How to Preserve T-Shirts With Iron-On Graphics?
November 29, 2007 2:52 PM   Subscribe

Other than turning the T-shirts inside out and drying them with low heat, what can a person do to protect his/her clothing with ironed-on graphics?
posted by frogan to Clothing, Beauty, & Fashion (9 answers total) 1 user marked this as a favorite
Wash cold, inside out. Drip dry. Basically "delicate," but that'll depend on how stanky you get with them. Heat and abrasion are the enemies.
posted by rhizome at 3:02 PM on November 29, 2007

Don't dry them at all, as rhizome says.

Dryers are a great enemy to clothes, as convenient as they are.
posted by sondrialiac at 3:19 PM on November 29, 2007

Thirding not drying them at all. (Or at least only putting them in the dryer briefly, on low or no heat, just to get the some of the wrinkles to drop out. Then hang or lay flat to dry entirely.)
posted by scody at 3:21 PM on November 29, 2007

Sticking the shirt in a pillowcase while in the wash can also help, along with avoiding a dryer at all costs.
posted by cholly at 3:25 PM on November 29, 2007

I usually handwash things like this, but machine washing on the delicate cycle isn't too bad. Drip-dry out of direct sunlight.
posted by Metroid Baby at 3:29 PM on November 29, 2007

frame it.
posted by amtho at 3:35 PM on November 29, 2007

I wash things like this inside out, hang to dry, then toss them into the last 5 minutes or so of a dryer load to take the wrinkles and "stiffness" out of the fabric.
posted by ersatzkat at 4:00 PM on November 29, 2007

I have a lot of these shirts.

1) Inside out, only mixed with other shirts/socks/soft things, cold water, Woolite, "hand wash" cycle if you've got one on your machine. If not, hand wash them in a bucket or tub. If you've been particularly sweaty, go at the armpits/collar/sleeve edges using a little abrasion between your fingers and the wet and soaped fabric to get the dead skin/sweat/dirt out. Follow with a spin cycle or two to get excess moisture out, but only if you know it won't beat the crap out of your clothes (mine somehow doesn't).
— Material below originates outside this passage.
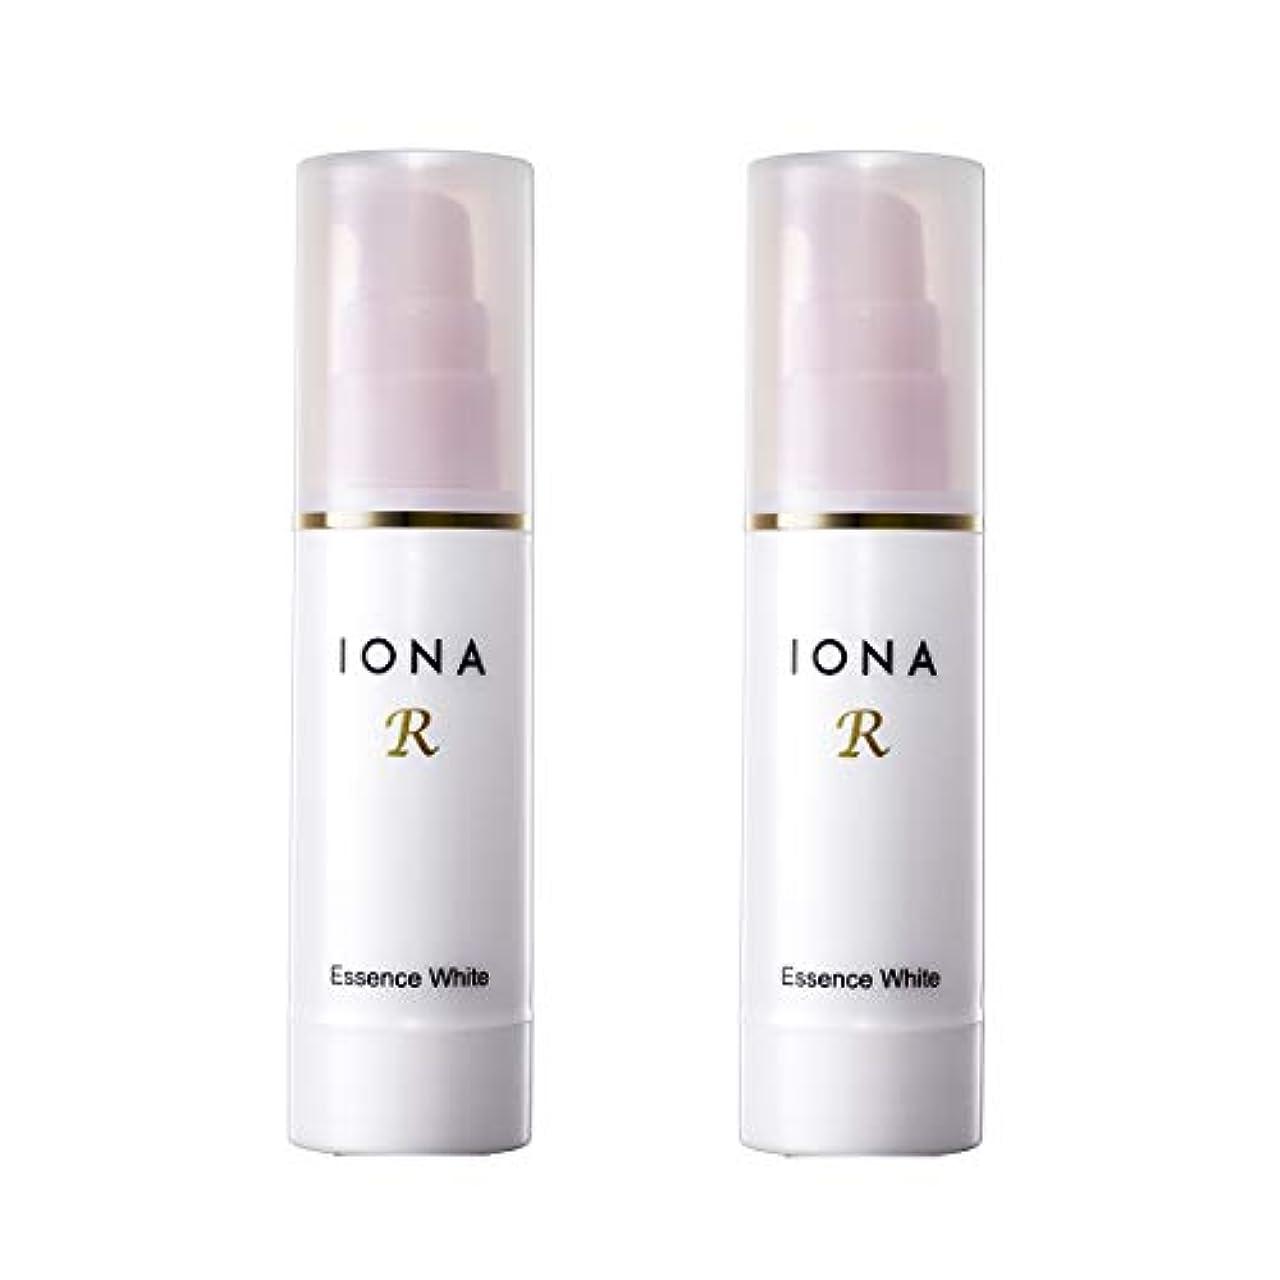 開発理想的には欠席イオナR エッセンスホワイト 美容液 2個セット 【通常価格より20%OFF】高機能ビタミンC配合美容液 IONA R イオナアール イオナのビタミンC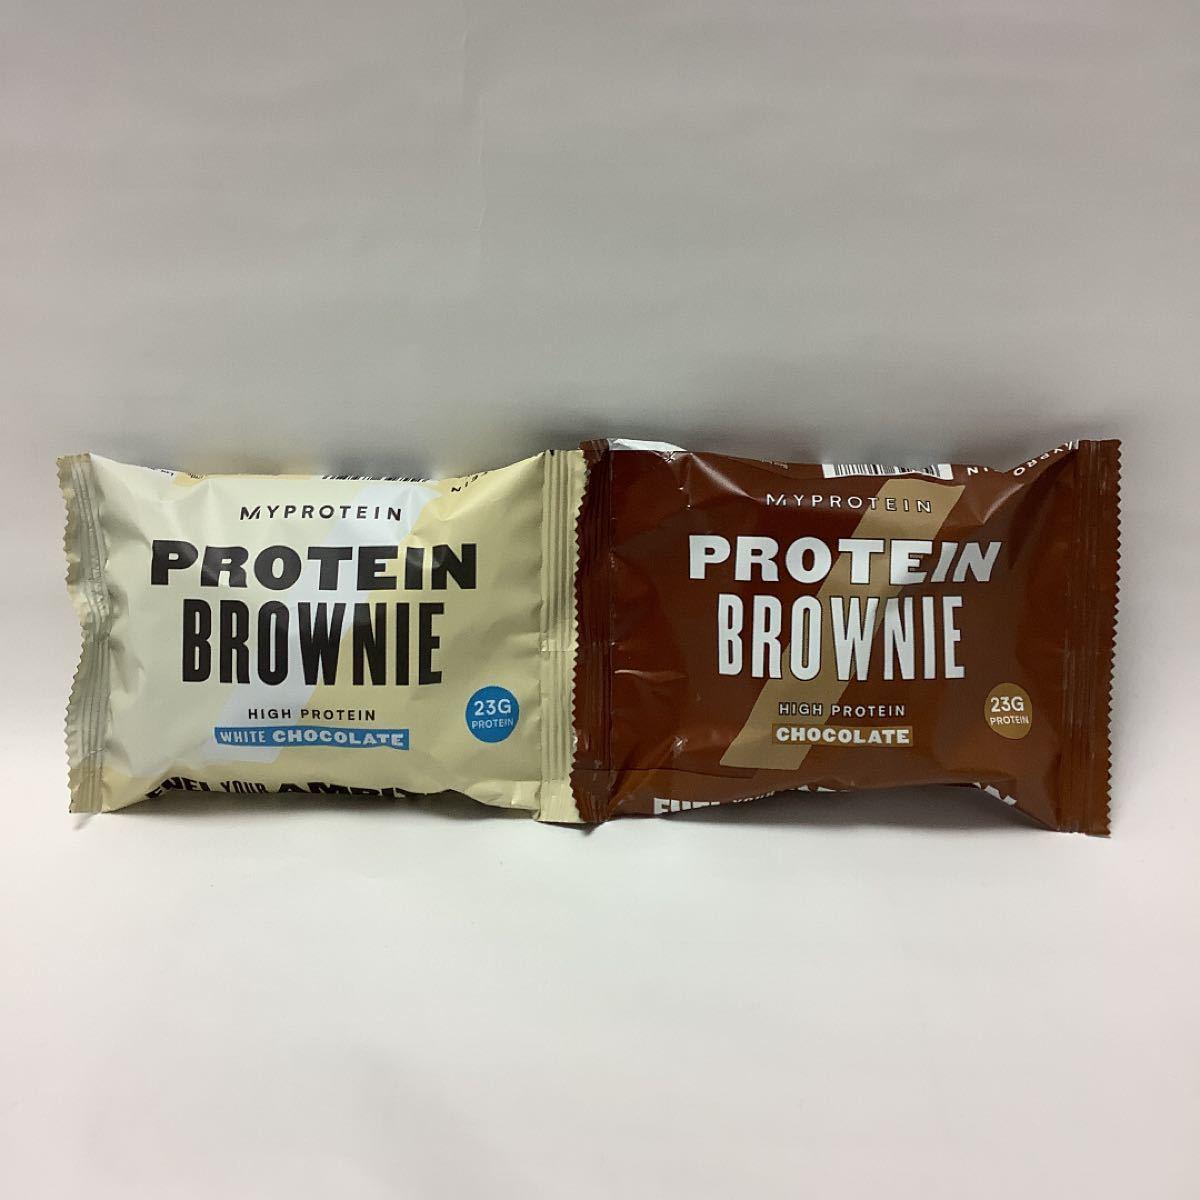 ブラウニー マイ プロテイン チョコレート マイプロテインのチョコレートブラウニー味レビュー<ホエイプロテイン>

2) Procure one of these. They're everywhere here in Europe (Land of No Dryers), they fold up into zero space (between the dryer and the wall!) and they've let you hang things or lay them flat on top.

3) Leave in hallway, living room, or other place with some airflow. Not by a window or a heater, though, unless yoiu live in Latvia like I do and the sun comes out once every two weeks.

4) Wait overnight.

5) Ta-da! Well-kept shirts and lower power bills!
posted by mdonley at 4:16 PM on November 29, 2007

I don't use a dryer for anything. Have a global warming moment.
When you hang the t-shirt on the line or clothes horse thingo, just grab the corners and give it a bit of a flap. That is as much ironing as you need for a t-shirt.